# Postprocessing brush instead of cto/ctb gel?



## Marsu42 (Sep 19, 2014)

Good photogs will probably cringe at the mere though, but I dare to ask anyway :-o ...

... my enthusiasm for "correct" flash gelling has recently diminished a bit because for many scenes with defined edges or surfaces, correcting the white balance (temperature, tint) with the postprocessing tools in Lightroom work just fine. Plus often I need to tweak the local wb _anyway_ since 1/4 or 1/2 cto doesn't necessarily hit the correct spot, and even "real" shadows are often too blue, so why bother at all with gels?

Am I missing something here, is postprocessing wb different than flash gelling? As far as I see it, the flash blocks some up some light frequencies and taking away these from the raw file should amount to the same thing?

Note that this only applies if you can quickly smudge over whole areas with a corrected wb, for fine foreground/background details gelling the flash is the work-saving way to go.


----------



## privatebydesign (Sep 19, 2014)

Marsu42 said:


> Good photogs will probably cringe at the mere though, but I dare to ask anyway :-o ...
> 
> ... my enthusiasm for "correct" flash gelling has recently diminished a bit because for many scenes with defined edges or surfaces, correcting the white balance (temperature, tint) with the postprocessing tools in Lightroom work just fine. Plus often I need to tweak the local wb _anyway_ since 1/4 or 1/2 cto doesn't necessarily hit the correct spot, and even "real" shadows are often too blue, so why bother at all with gels?
> 
> ...



You are not missing anything, I gel but often in very mixed light source venues it is impossible to get everything "right" without going to extremes like gelling windows etc. Nowadays it is easier, quicker and cheaper to use the WB in the brush tool on LR.


----------



## Besisika (Sep 23, 2014)

Perfect photographer would tell you that you should have everything right in camera.
I am not a big believer of that theory. Any photo I intend to keep must go through post processing, even just for the sake of sharpening.
And yet, I gel. I find it easier to fix gelled strobe. 
I don't use lightroom, I use ACR and the new filter in PS CC makes it even easier but I still gel. Can't explain the theory behind it, just take my answer as a statistic in nature.


----------



## Coldhands (Sep 25, 2014)

I seem to recall reading that adjusting WB involves selectively amplifying the different colour channels (RGB), so theoretically moving away from ~5500K could introduce extra noise. However with a gelled flash, one could just add another 1/3 to 1/2 stop of power to overcome the light loss (assuming you're not already at max output).
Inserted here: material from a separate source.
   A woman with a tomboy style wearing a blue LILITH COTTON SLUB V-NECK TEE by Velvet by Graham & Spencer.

Now, whether this actually makes _any_ appreciable difference...


----------



## privatebydesign (Sep 25, 2014)

Besisika said:


> Perfect photographer would tell you that you should have everything right in camera.
> I am not a big believer of that theory. Any photo I intend to keep must go through post processing, even just for the sake of sharpening.
> And yet, I gel. I find it easier to fix gelled strobe.
> I don't use lightroom, I use ACR and the new filter in PS CC makes it even easier but I still gel. Can't explain the theory behind it, just take my answer as a statistic in nature.



What new filter in PS CC?


----------



## AcutancePhotography (Sep 25, 2014)

Bottom line: Does your process give you the images you like? If so, stick with it. If not, change it.

Really only you can decide whether the final image is to your liking.


----------



## privatebydesign (Sep 25, 2014)

AcutancePhotography said:


> Bottom line: Does your process give you the images you like? If so, stick with it. If not, change it.
> 
> Really only you can decide whether the final image is to your liking.
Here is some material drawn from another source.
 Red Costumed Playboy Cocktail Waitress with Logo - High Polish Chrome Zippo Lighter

Unless it is commercial work and then the only opinion worth anything is the clients. When time/money become a factor then "the best" or most correct way of doing something doesn't necessarily make the most financial sense.


----------



## mackguyver (Sep 25, 2014)

I'll gel my lights if I'm shooting an interior with a dominant light source (or sources) that are all the same color temp, especially fluorescent lighting with it's crappy CRI that often needs fill. For mixed lighting, I'll generally just take reference shots of a white card to make white balancing easier in post. If it's mixed lighting (that I can't gel or control) and I'm shooting from a stationary spot and it's critical (read: paid) work, I'll set the custom WB with a white card to get things as close as possible from the start.

The only issue I ever have with WB in post is that I don't always have a reliably neutral spot to use the WB dropper on - which is why I always try to take a white card reference shot.


----------



## Marsu42 (Sep 25, 2014)

mackguyver said:


> The only issue I ever have with WB in post is that I don't always have a reliably neutral spot to use the WB dropper on - which is why I always try to take a white card reference shot.
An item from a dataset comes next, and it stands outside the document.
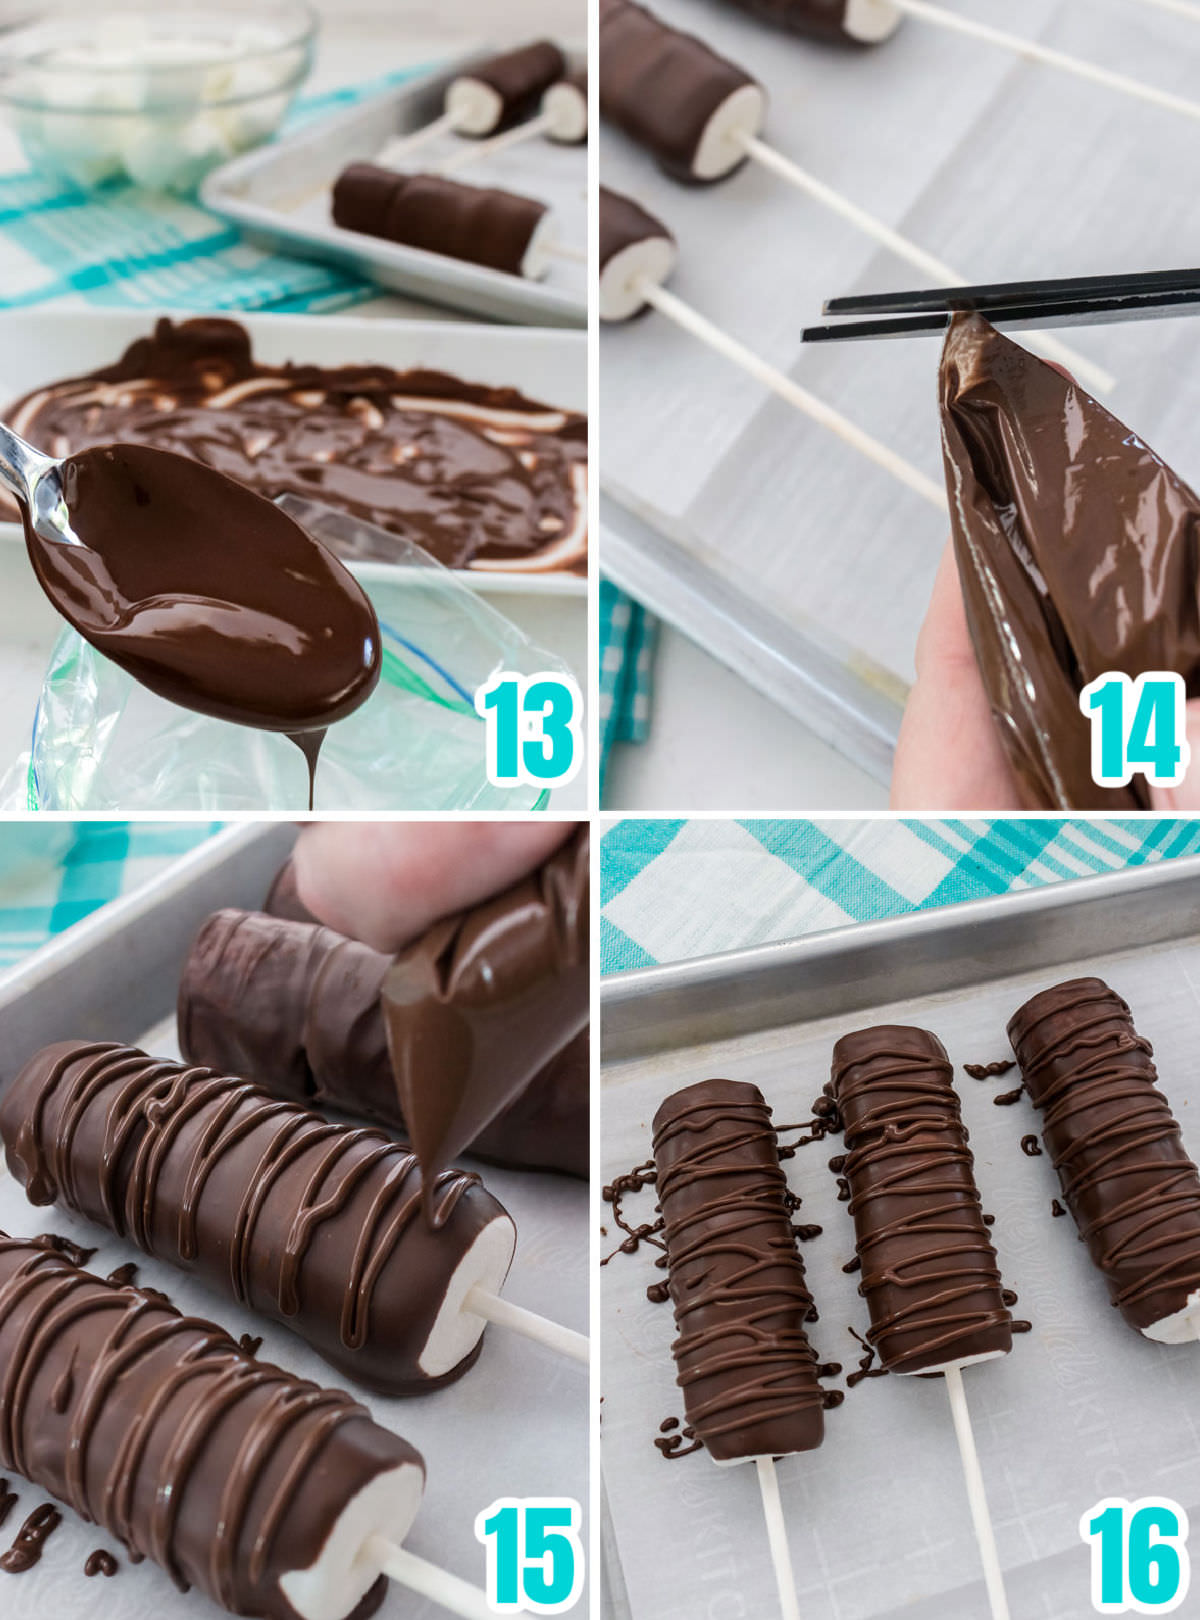 Collage image showing the steps for decorating the marshmallow pops with a drizzle of chocolate.

For reference: My standard issues with wb are outdoor shots near dawn or sunset when the natural wb changes quickly and you're very unlikely to hit the correct spot with a gel. I've got a fancy x-rite white card with automatic dng profiling for indoor shots, but as everybody except me probably knew all along this isn't working at all outdoors. That's why I found out that wb-brushing color casts is very effective vs. gel hassle. Bets are off for other shot types like the described indoor commercial work with mixed lighting.


----------



## privatebydesign (Sep 25, 2014)

Marsu42 said:


> mackguyver said:
> 
> 
> > The only issue I ever have with WB in post is that I don't always have a reliably neutral spot to use the WB dropper on - which is why I always try to take a white card reference shot.
> ...



Ditto. Here is a dawn shoot with dramatic DR (don't tell anybody though as this isn't a DR thread!) and colour balance issues. It was already a 4:30 start so getting there even earlier to gel the tungstens to blue would be expensive and as the rising sunlight changes so fast impractical.

I'm not advocating not using gels, but sometimes it is easier and cheaper to deal with in post.


----------



## ejenner (Sep 26, 2014)

Man I wish I'd started using gels earlier. So many hours wasted in PP, but at least I have that experience if I need it and it also taught me what I can and can't fix. (I only shot B&W film).

But like with everything I don't think there is 'one answer' and it comes down to being experienced enough to know when PP will be easier/better and when using a gel will be.

For the half indoor/outdoor shot above I would not use a gel.


----------